Shashwat Sachdev chronology
| Veere Di Wedding (2018) | Uri: The Surgical Strike (2019) | Attack: Part 1 (2022) |

= Uri: The Surgical Strike (soundtrack) =

2019 soundtrack album by Shashwat Sachdev

The music to the 2019 film Uri: The Surgical Strike featured original score and songs composed by Shashwat Sachdev. The film directed by Aditya Dhar and produced by Ronnie Screwvala under RSVP Movies, starred Vicky Kaushal, along with Yami Gautam, Paresh Rawal, Kirti Kulhari and Mohit Raina, and is a fictionalized retelling of the retaliation to the 2016 Uri terror attack. Sachdev worked on the film's music for eight months which utilized synthesizers and orchestra and was recorded at his Kuhn Labs and Synchron Stage Vienna in Austria, with a 150-member crew performing the score conducted by Sachdev. The songs further utilized sparse instrumentation to underline the emotional impact.

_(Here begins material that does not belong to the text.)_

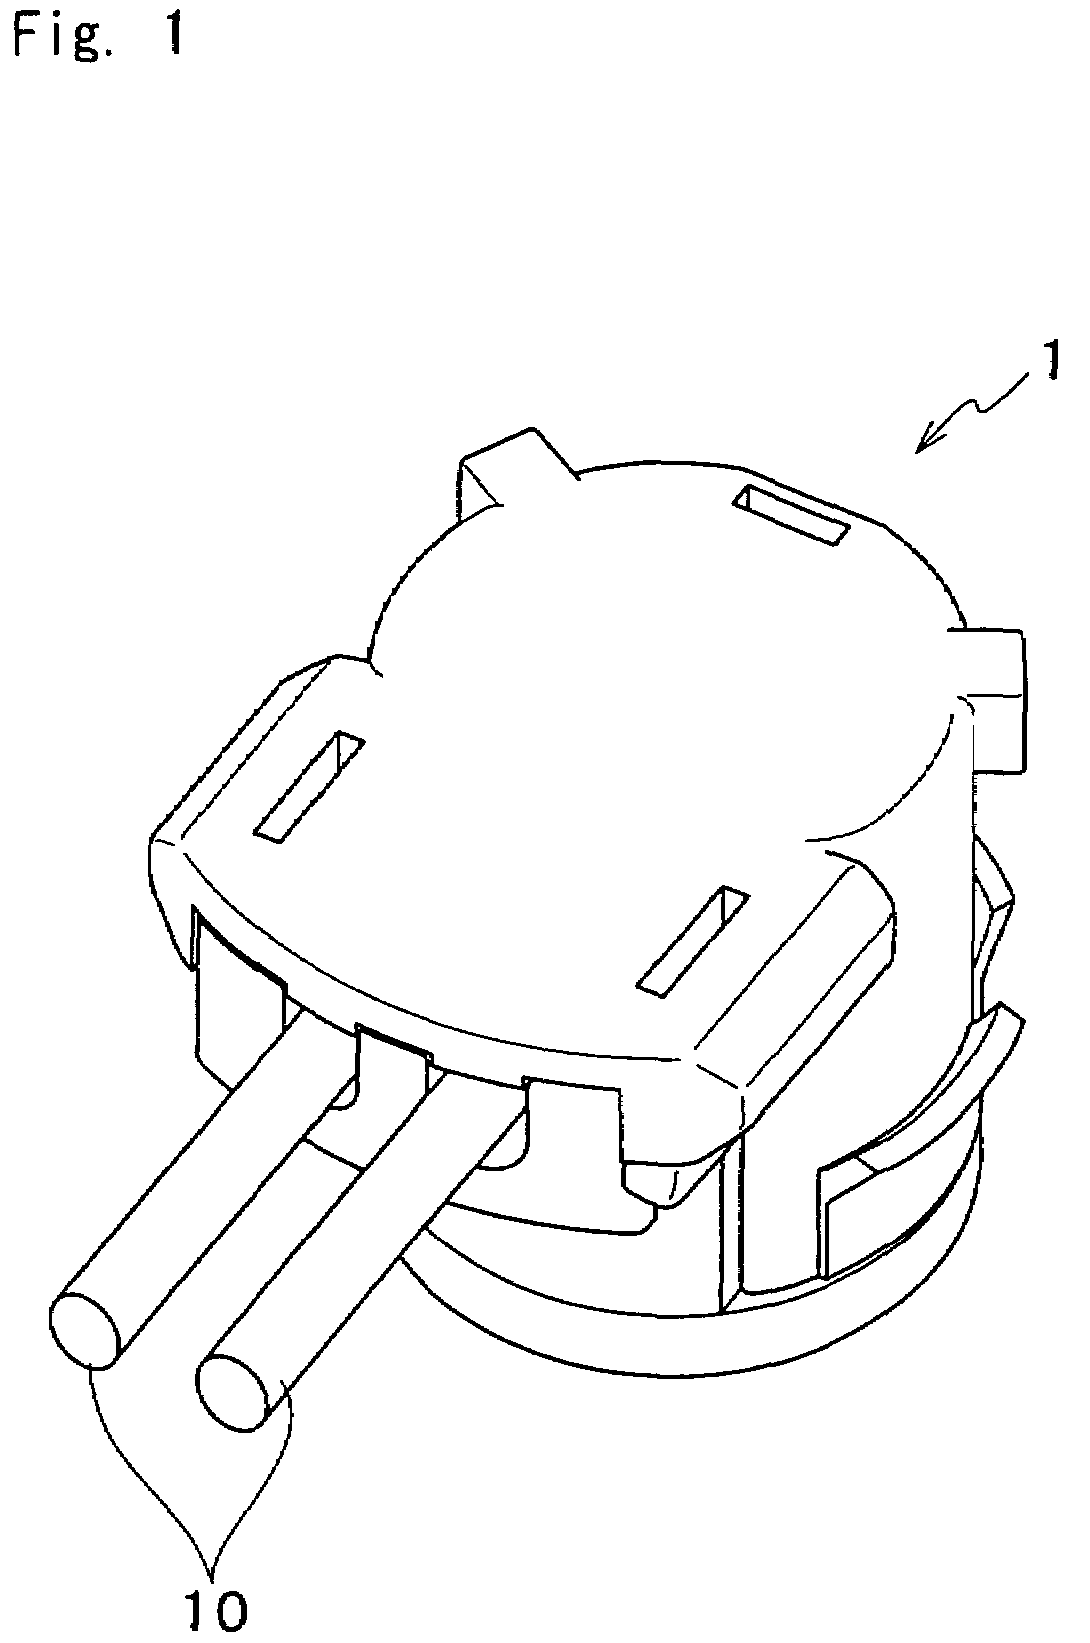 Electrical connecting device having a cover with a latch

The soundtrack album featured five songs with lyrics written by Kumaar, Raj Shekhar and Abhiruchi Chand. It was released under the Zee Music Company label on 4 January 2019, a week prior to the film's release. After Shaswat received acclaim for the score, it was released separately as a 20-track album, two weeks after the film's theatrical run; both the music and background score, met with acclaim and Sachdev won the National Film Award for Best Music Direction (background score) and the Filmfare R. D. Burman Award for Upcoming Music Talent.

== Development ==
Shashwat Sachdev earlier intended to collaborate in a film during 2016, that starred Fawad Khan but was shelved due to the tensions created after the 2016 Uri terror attack and with the Maharashtra Navnirman Sena called for ban on Pakistani actors, which resulted in Khan's exit from the Hindi cinema. However, both Dhar and Sachdev continued to be in touch, and when the former had written the script based on the Uri terror attacks, he presented it to Sachdev, who liked his writing and immediately agreed to be involved in the film. Sachdev called it as a "very precise and tight script and then executed with so much precision". Sachdev worked on the film score and soundtrack of Uri: The Surgical Strike for eight months. The music is a hybrid combination of Western classical music with rock and electronica.
"When I read the script, there was a lot of aggression and power. There's this young army officer who is full of anger which is a powerful and passionate emotion. I started working on the score which brought out that youthfulness, anger and willingness to fight."
— — Shashwat Sachdev
While reading the script of Uri: The Surgical Strike, he imagined specific sounds on mind which demanded the intensity and situations. To achieve that sounds, he needed a modular synthesizer, which led Sachdev travel to Berlin to by the synthesizers for recording. He visited the SchneidersLaden music shop as this is where Jóhann Jóhannsson, one of his favourite composers, would buy the synthesizers from there, and would spend 6–7 hours on how to operate the instrument from scratch, adding "I would read manuals in the hotel, stay up nights, create sounds and send to [Aditya Dhar] on voice notes made on my phone." After spending a month in Berlin and buying the instrument, Sachdev operated it at his Kuhn Labs in Mumbai, where he had recorded 90 minutes of music, only parts of it were included in the film.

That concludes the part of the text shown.